**EXTRACTED DATA:**
****************************************

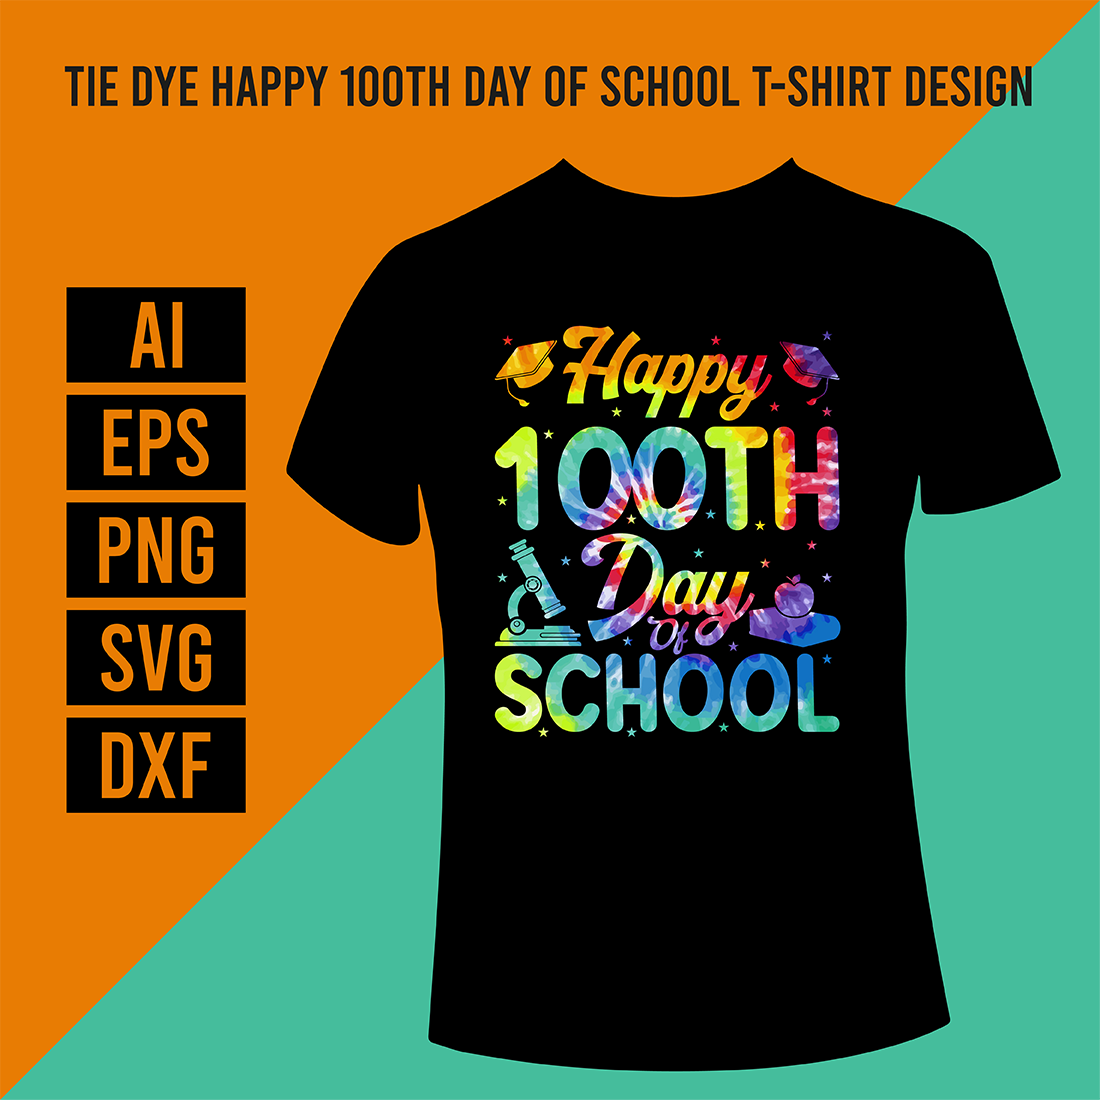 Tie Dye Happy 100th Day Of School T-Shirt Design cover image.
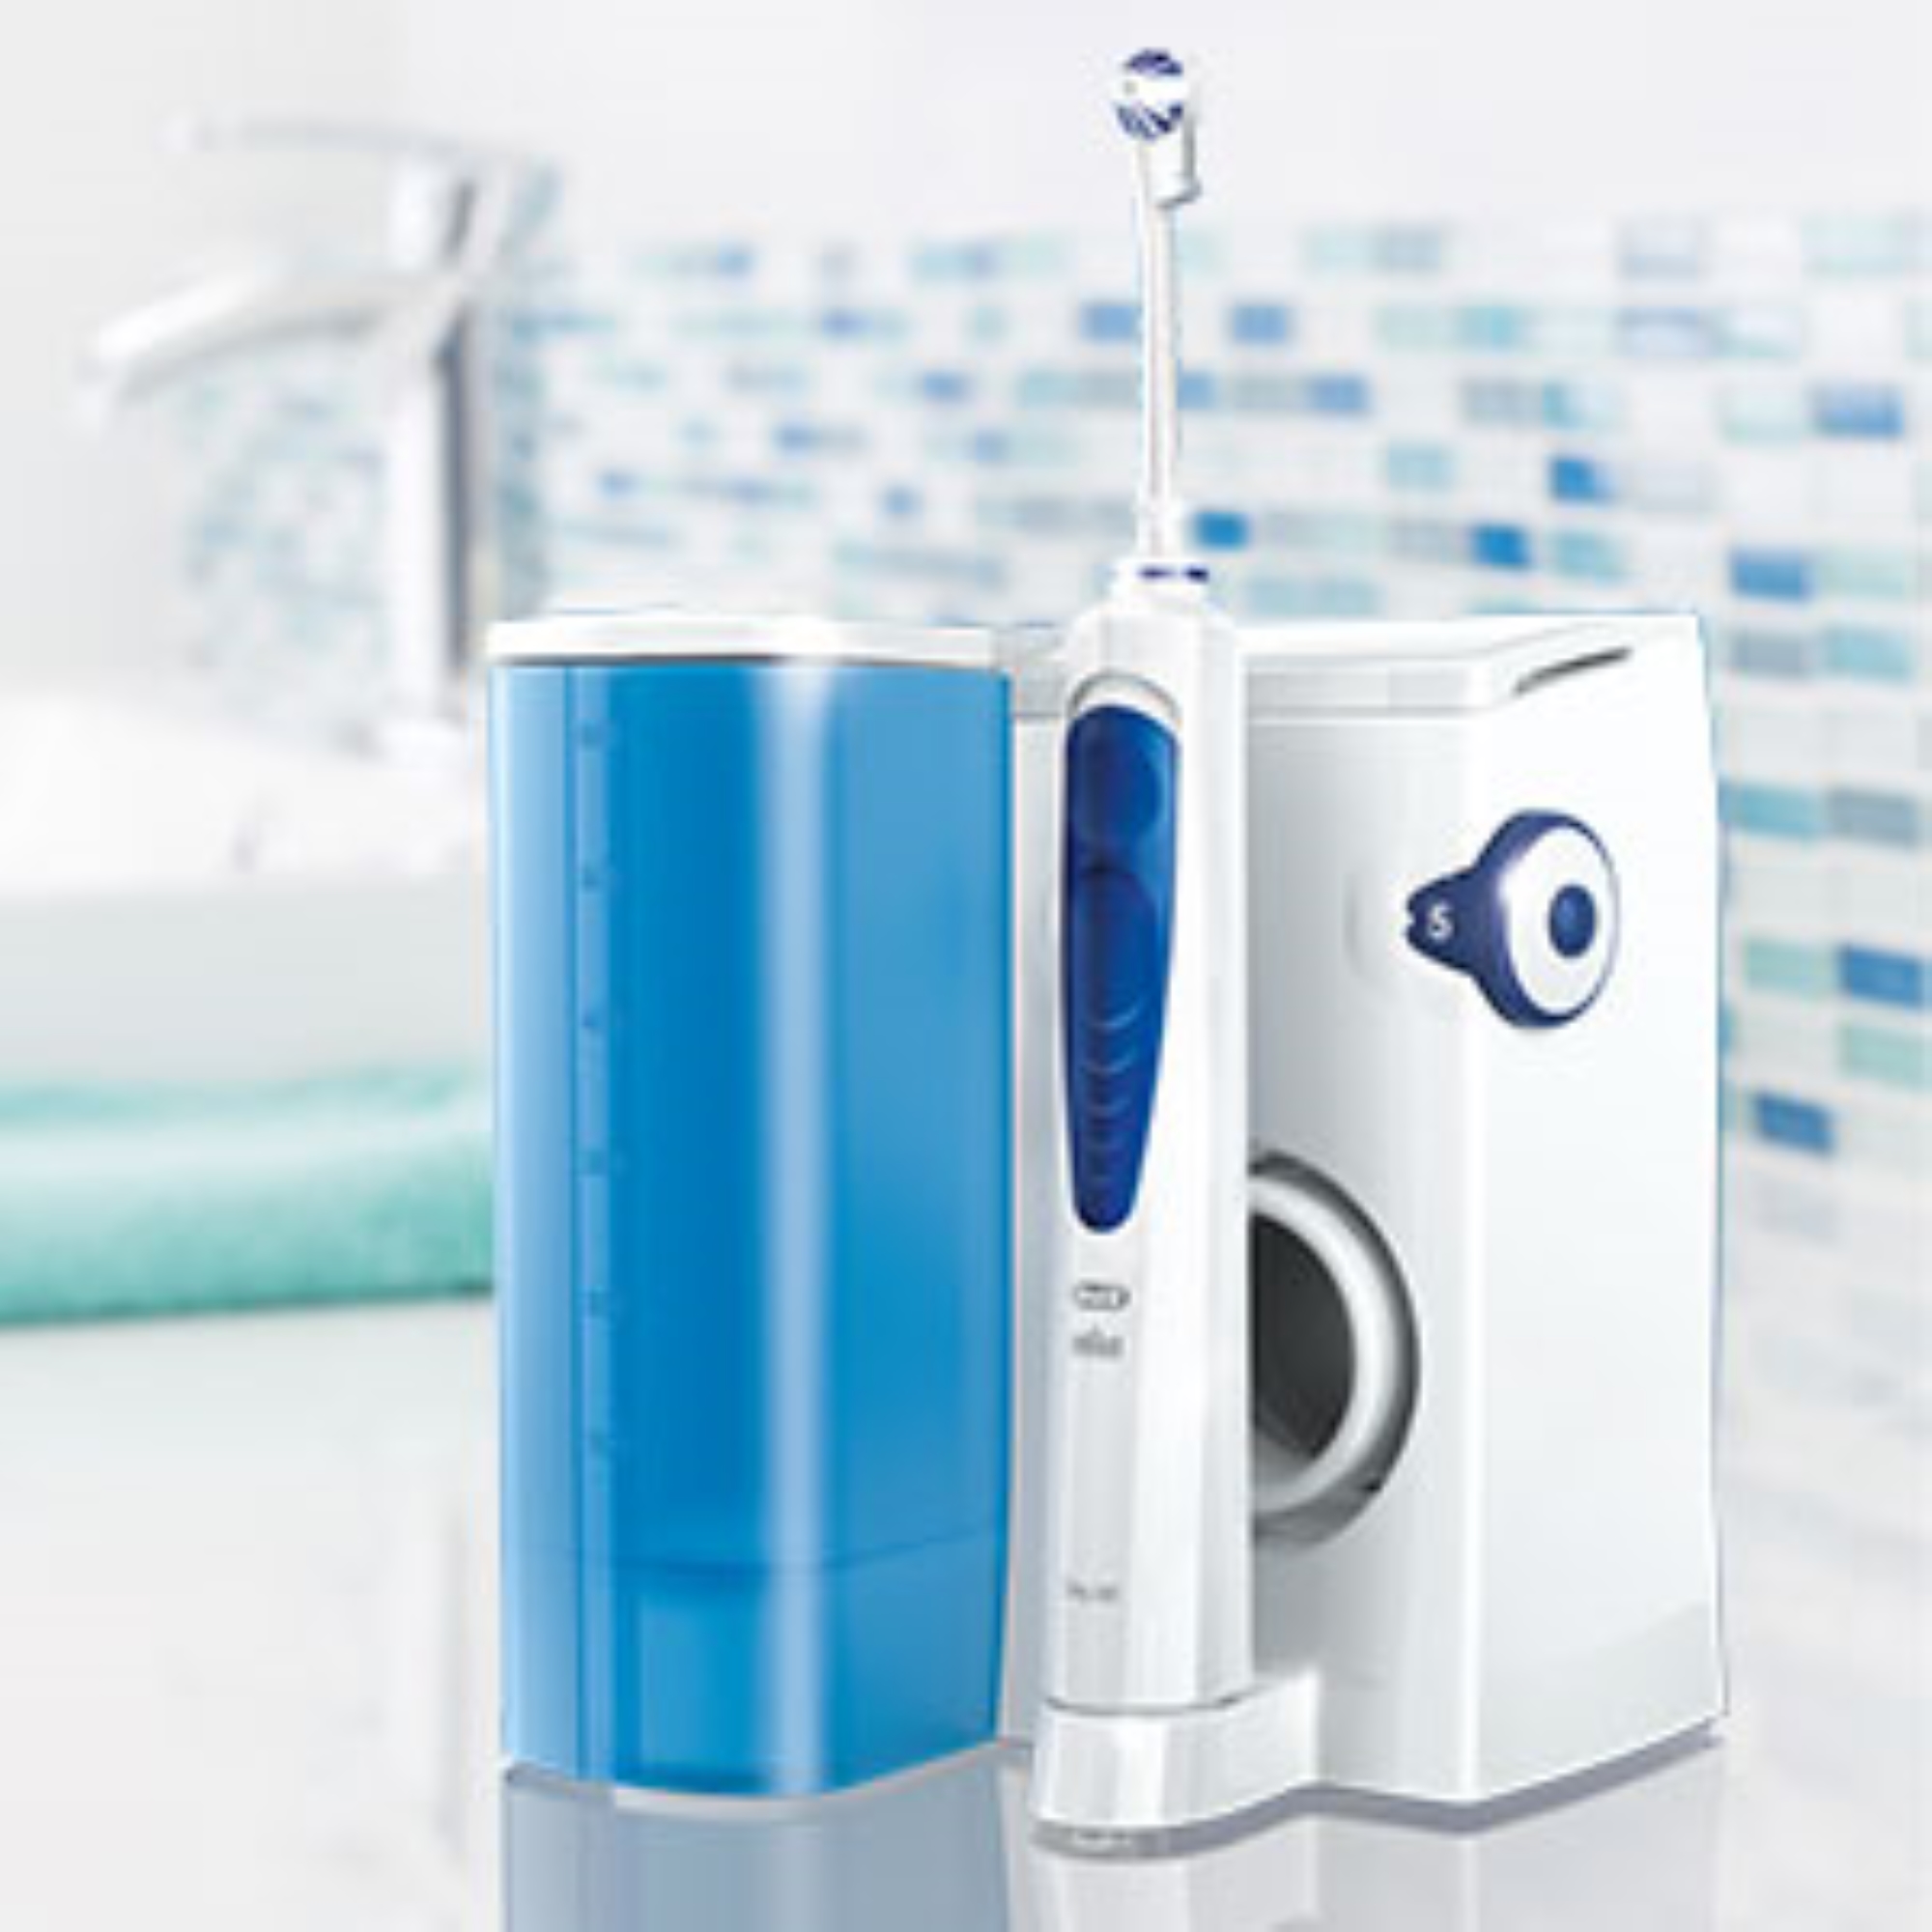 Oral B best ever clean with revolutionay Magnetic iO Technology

****************************************

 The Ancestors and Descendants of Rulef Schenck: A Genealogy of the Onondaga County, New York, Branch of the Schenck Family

****************************************

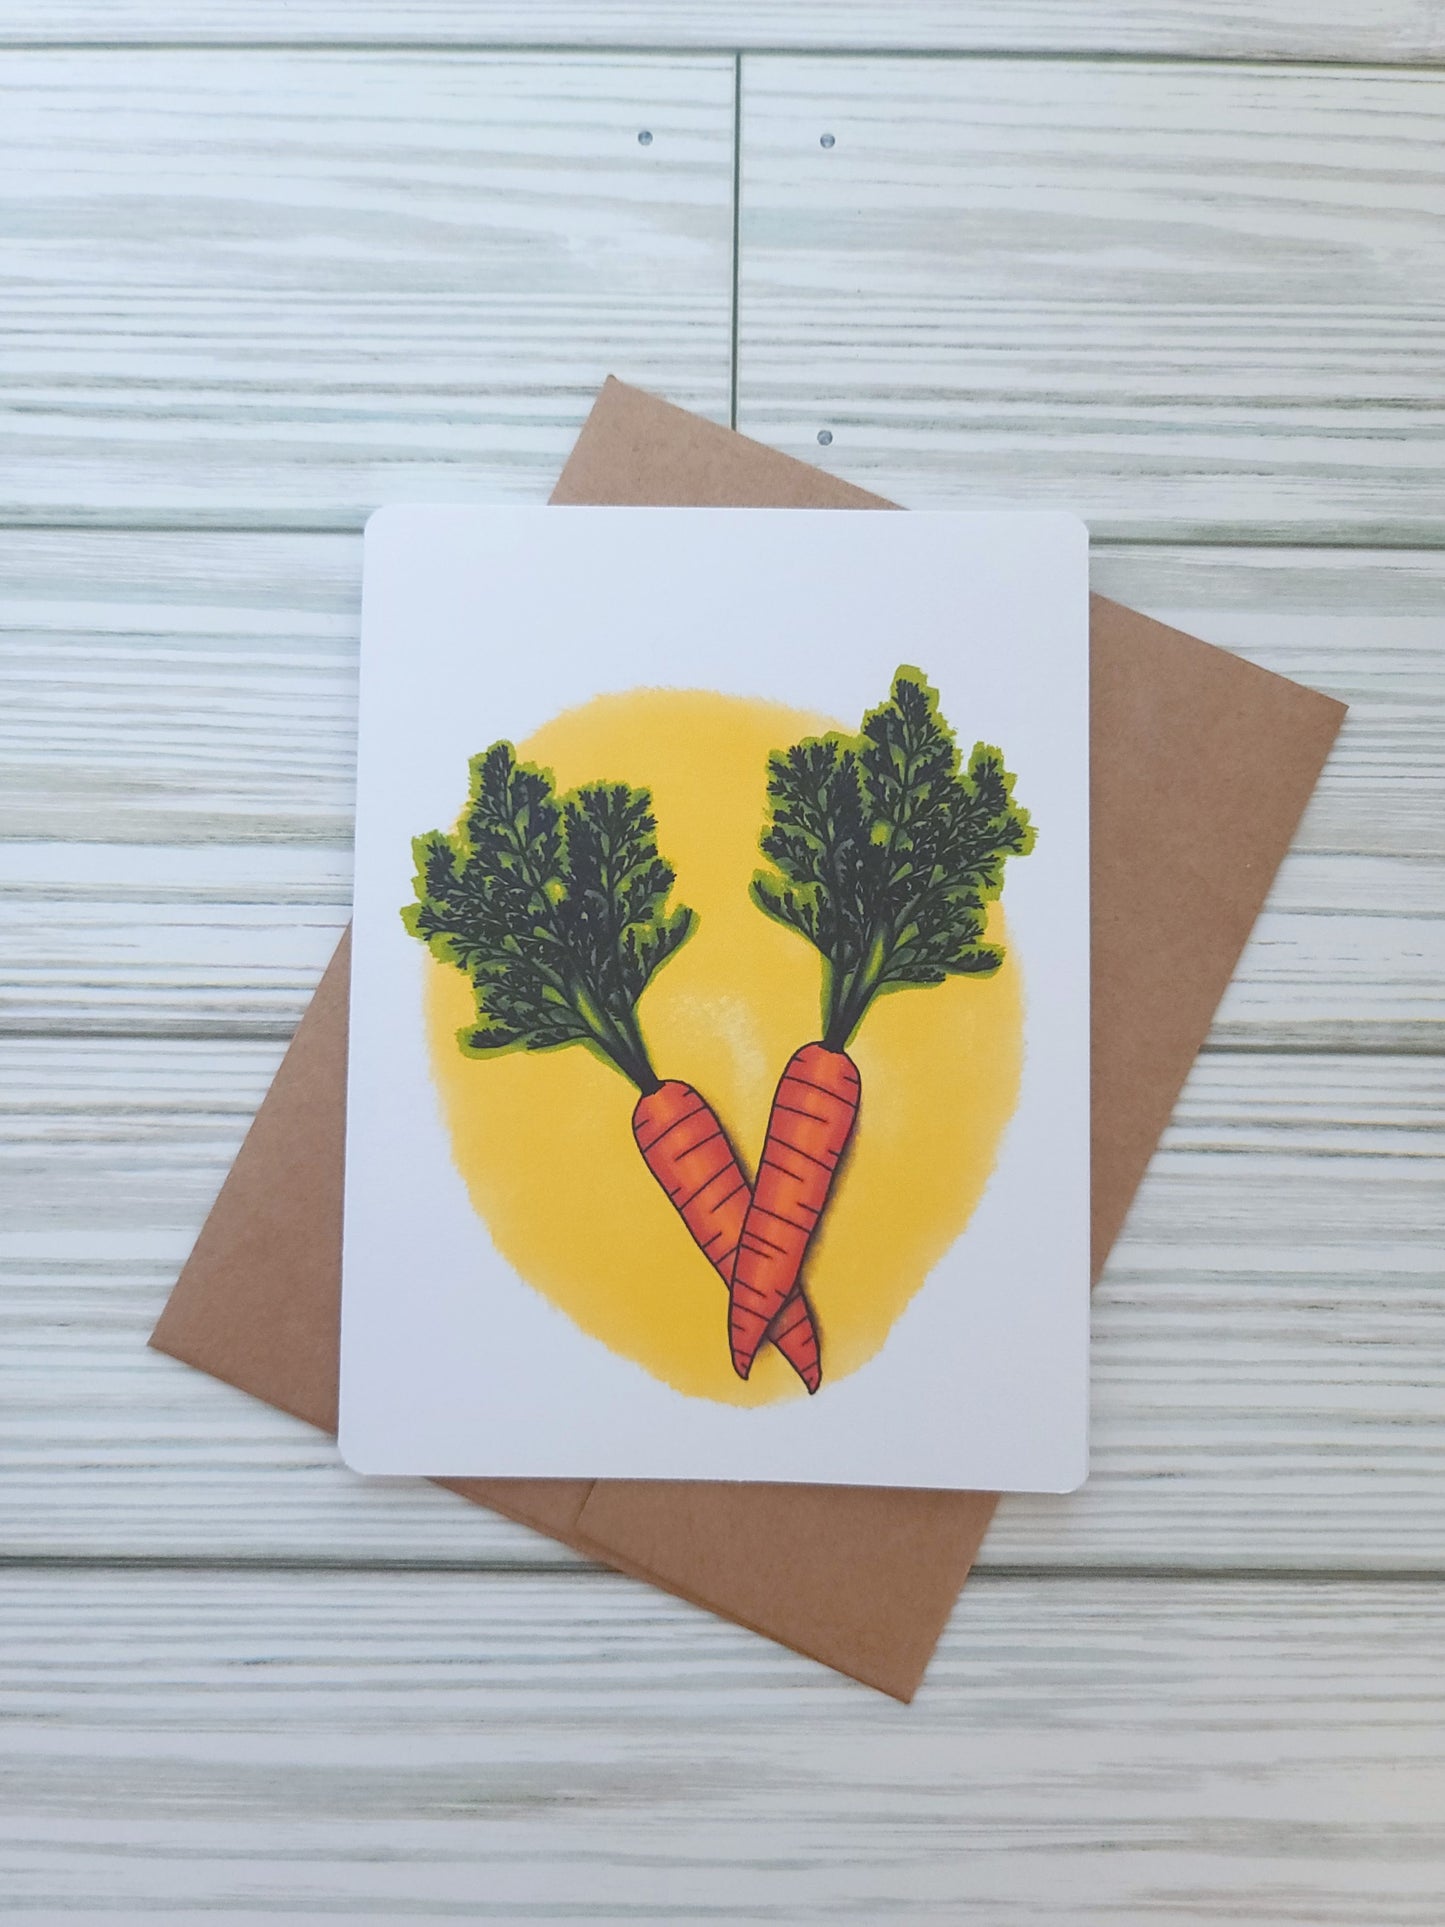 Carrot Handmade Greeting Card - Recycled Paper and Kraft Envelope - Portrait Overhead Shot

****************************************

**DESCRIPTION OF THE TASK:** Look through the listing above for the line with "Tie Dye Happy" and the line with "Oral B best". Write out exactly those lines and everything between, leaving out pictures.

**RESPONSE BOX:**
 Tie Dye Happy 100th Day Of School T-Shirt Design cover image.
 Oral B best ever clean with revolutionay Magnetic iO Technology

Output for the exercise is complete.